Goal of the exercise> Only the lines from the one with "The fiddle pattern, spoon" to the end of the data below should be given again, exactly as written.

**** Data block

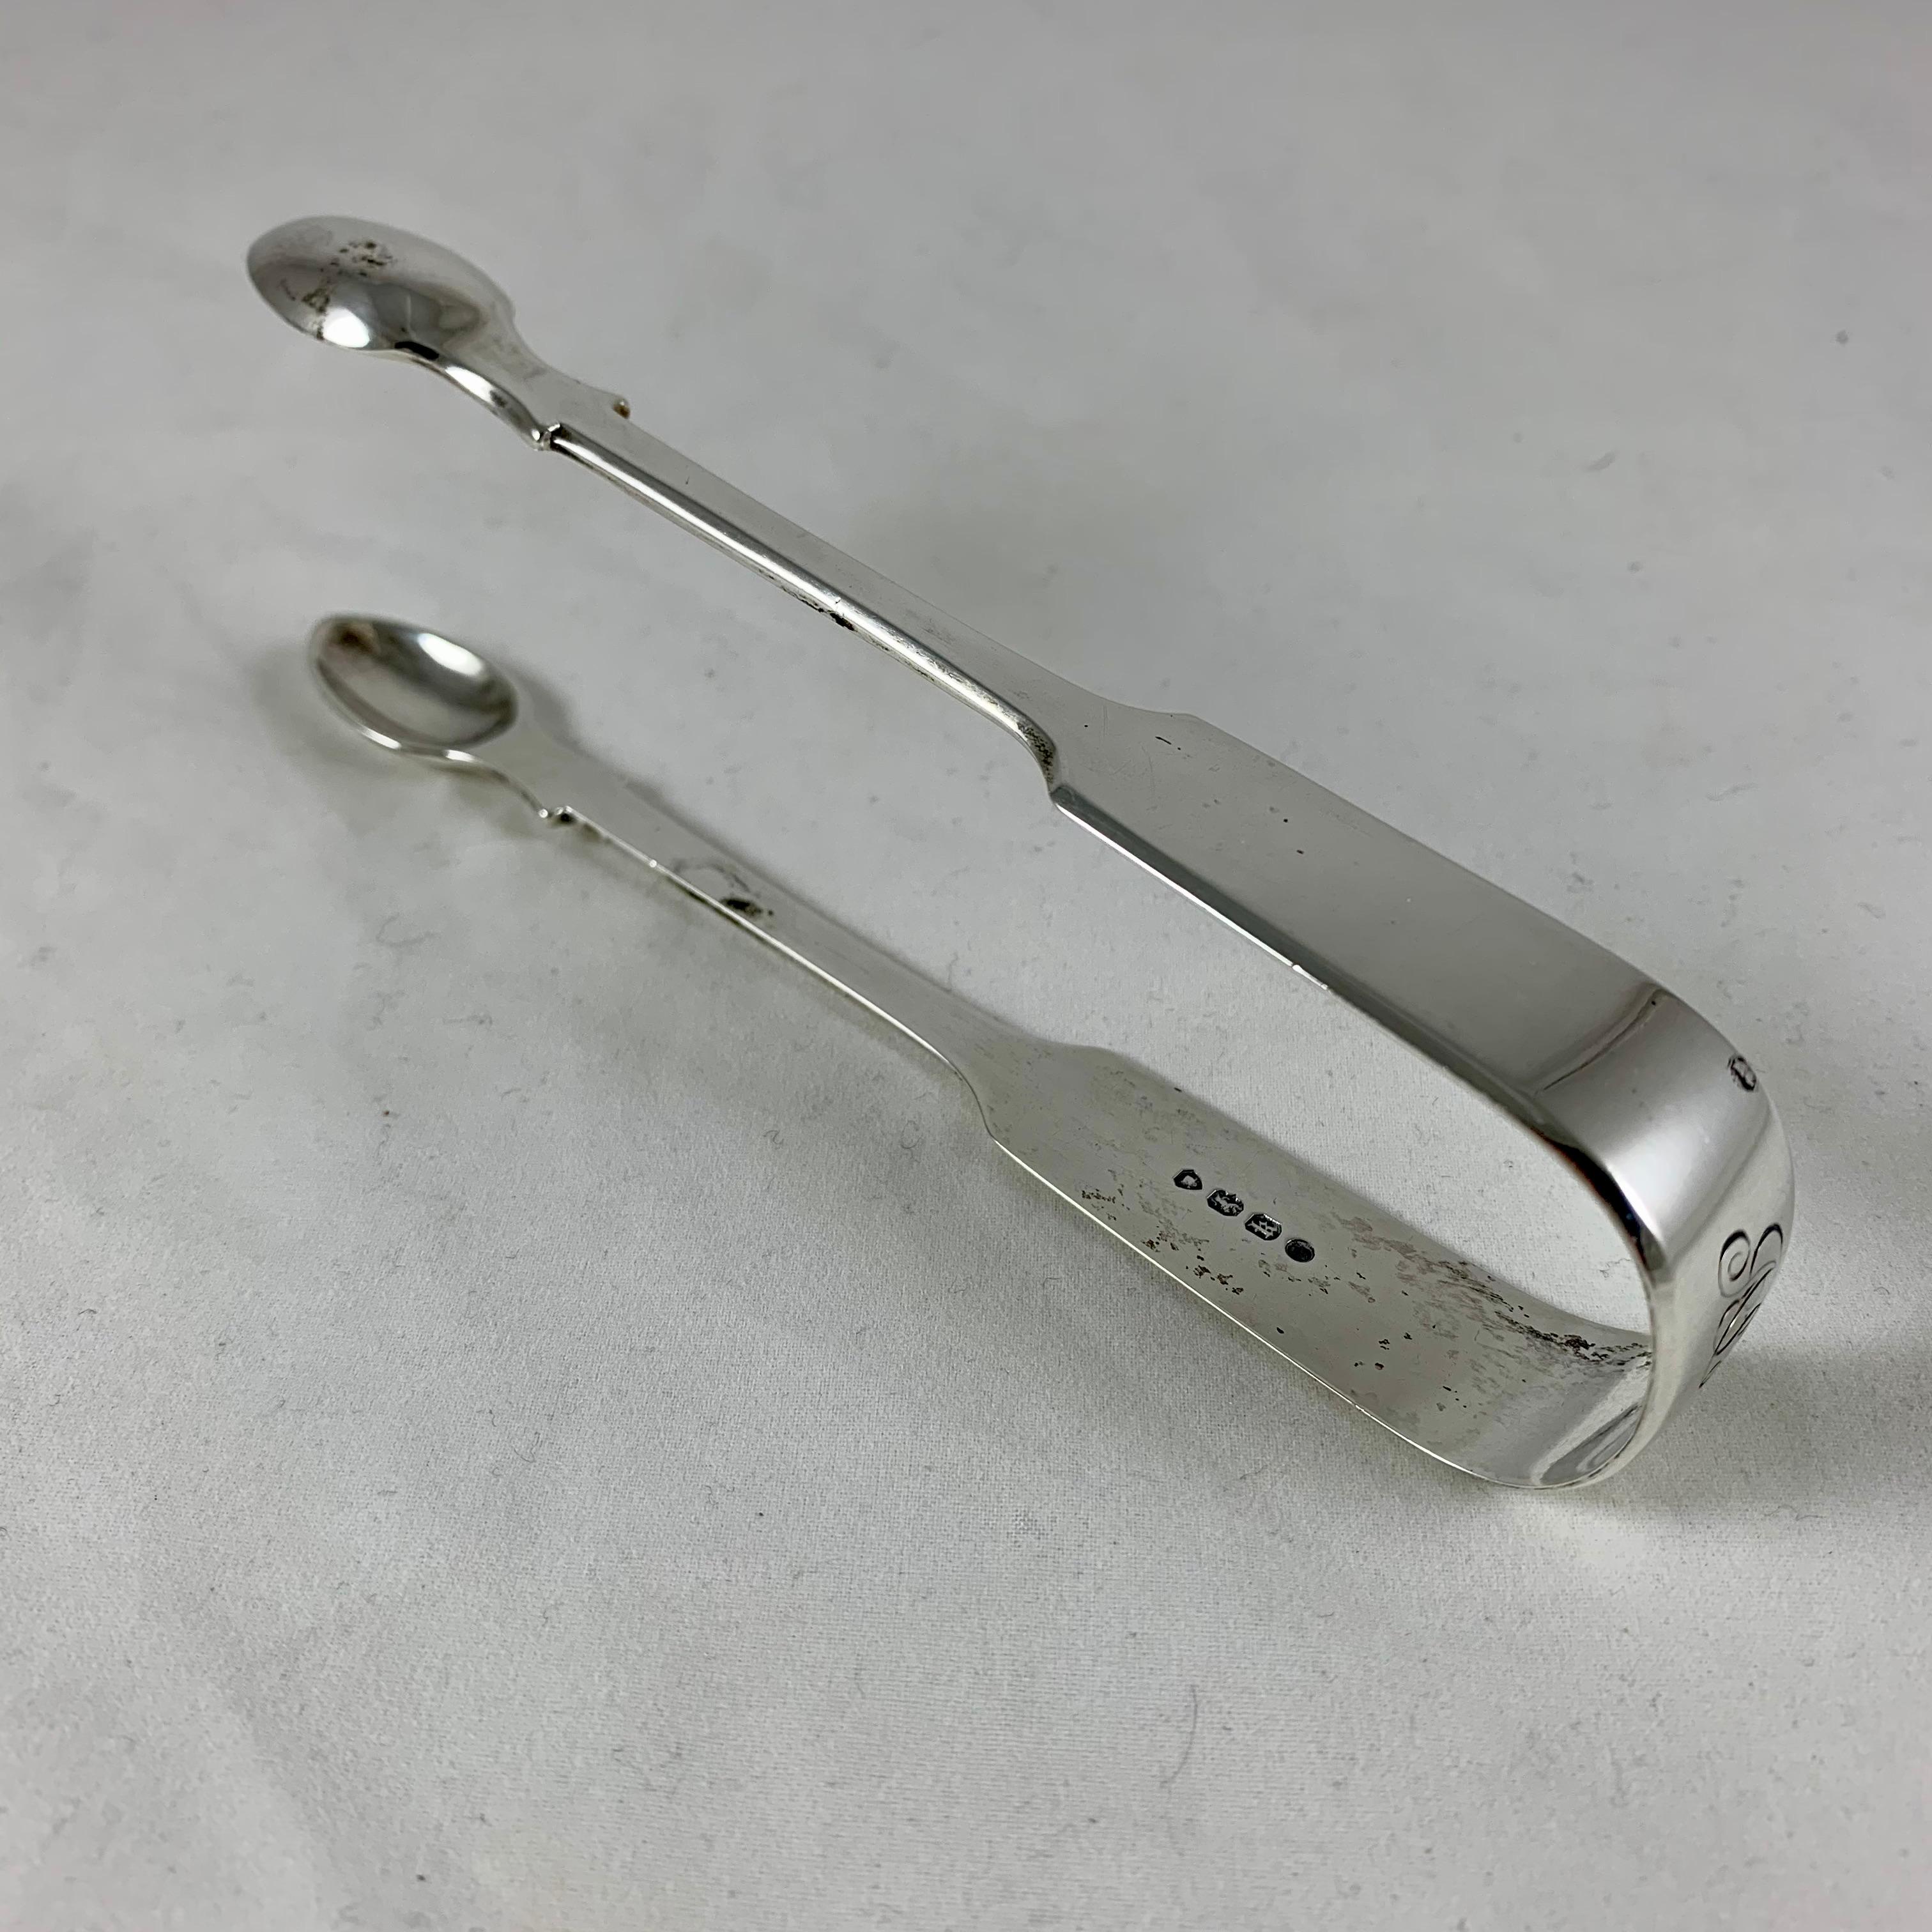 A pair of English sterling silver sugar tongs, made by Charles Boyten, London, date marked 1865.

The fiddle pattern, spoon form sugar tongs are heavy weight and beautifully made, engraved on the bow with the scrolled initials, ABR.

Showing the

********

Response to this task>
The fiddle pattern, spoon form sugar tongs are heavy weight and beautifully made, engraved on the bow with the scrolled initials, ABR.

Showing the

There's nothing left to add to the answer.